Point being, if you're using it as a lubricant, you're using the wrong stuff. What it leaves behind isn't very useful as a lubricant... unlike, you know, an actual lubricant.
WD-40 is now the designation of a whole bunch of products, including chain grease.
The WD-40 website says that is a myth, and it is a lubricant
https://www.wd40.com/myths-legends-fun-facts/
Myth: WD-40 Multi-Use Product is not really a lubricant.
Fact: While the “W-D” in WD-40 stands for Water Displacement, WD-40 Multi-Use Product is a unique, special blend of lubricants. The product’s formulation also contains anti-corrosion agents and ingredients for penetration, water displacement and soil removal.
Sure, and sand is a lubricant in the right scenario. This of course completely misses the point.
Anyone who actually use wd40 will eventually notice it not only has poor ability to stick around under load, but also likes to oxidize, forming a varnish or horrible goo depending on how thick it was left on. While this doesn’t matter (or is even desirable) for loosening a bolt, it’s a poor choice on tools, hinges, etc.
If long term lubrication is needed, then people should just use an appropriate grease or a non-oxidating* oil meant for staying around and lubricating.
*Plant based oils generally contain high amounts of polyunsaturated fats, which love to oxidize. Great for seasoning cast iron, but bad for other things. The goo/lacquer you get on kitchen pans and around the oven is oxidized fats linking together. There are rare exceptions to plant based oils being a bad idea for lubrication, involving genetic modification to produce mostly monounsaturated fats and further processing, like with alg’s “go juice”.
Yeah WD-40 is good for cleaning up old grease or loosing up seized mates more than anything but pretty much as soon as you get it moving you want to clean it up, let it boil off, and then replace it with lithium grease.
"WD-40 Multi-Use Product is a...blend of lubricants"
How does the author of that fun facts page know this for sure? I just heard that only executives get to see the ingredient list. Is this fun fact author an executive?
Yeah and water and gas are maybe a "lubricants" too. It's a pretty shitty lubricant.
Lubricates well enough for 99% of the homeowner things it gets used for.
It's definitely a lubricant.
See their old school ad campaign
> Do you have tight nuts or a rusty tool? [0]
[0] https://thedutchluthier.wordpress.com/2016/09/13/tight-nuts-...

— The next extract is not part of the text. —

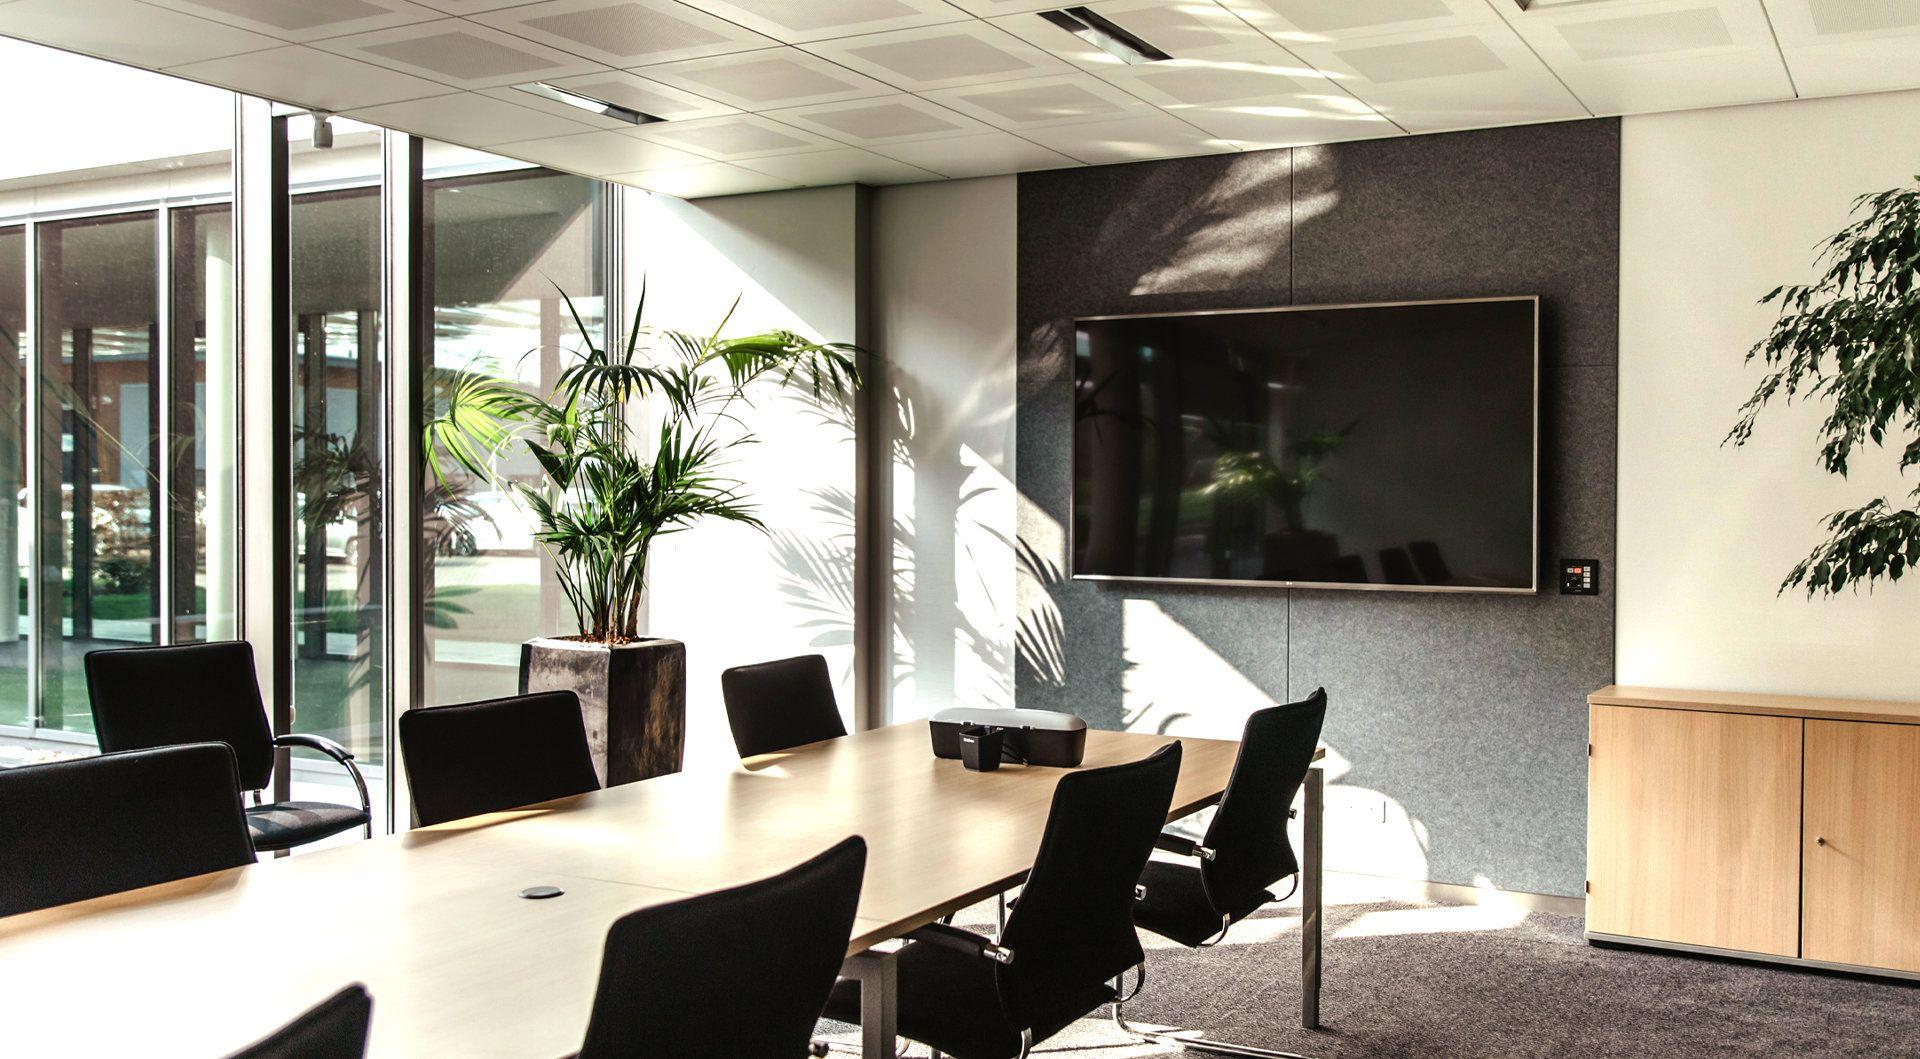 "LG 34UC88-B LED display 86,4 cm (34"") 3440 x 1440 Pixels UltraWide Quad HD Gebogen Zwart - Case studie de vries"

3-in-1 is the best bang for the buck lubricant. I use it everywhere. Well, not for that, but for everything else.
It IS a lubricant, although not a very good one.
I am not sure why you are being downvoted but you are absolutely right: it is even in the name (WD stands for 'Water Displacement'). My reaction to this article was a huge: 'why?'. WD-40 is at best mediocre at everything it is used for. Wurth makes much more capable compounds for the came purposes. Their penetrating oil is unmatched. I guess as part of the popular culture, WD-40 has its value but I am not sure its chemical properties are all that unique.
Agree fundamentally WD-40 is a cleaner, but it does offer some lubricant outcomes.
Yep, there are lubricants listed in the ingredients, but the stuff it actually leaves behind when the volatiles are gone is mostly good at displacing water (as the article points out.) Very little in the way of friction reduction.
It also makes a superb bug killer, especially in combination with a barbecue lighter.
Interesting use case. lol. I use it to remove sticker residue from the insufferable companies that use stickers on their products attached with super-glue like adhesive.
Does it work better than something like Goo-Gone?
I hate that. In particular, there is a special place in hell reserved for businesses which put those stickers on books. It's almost impossible to get some of those stickers off without leaving residue or harming the paper.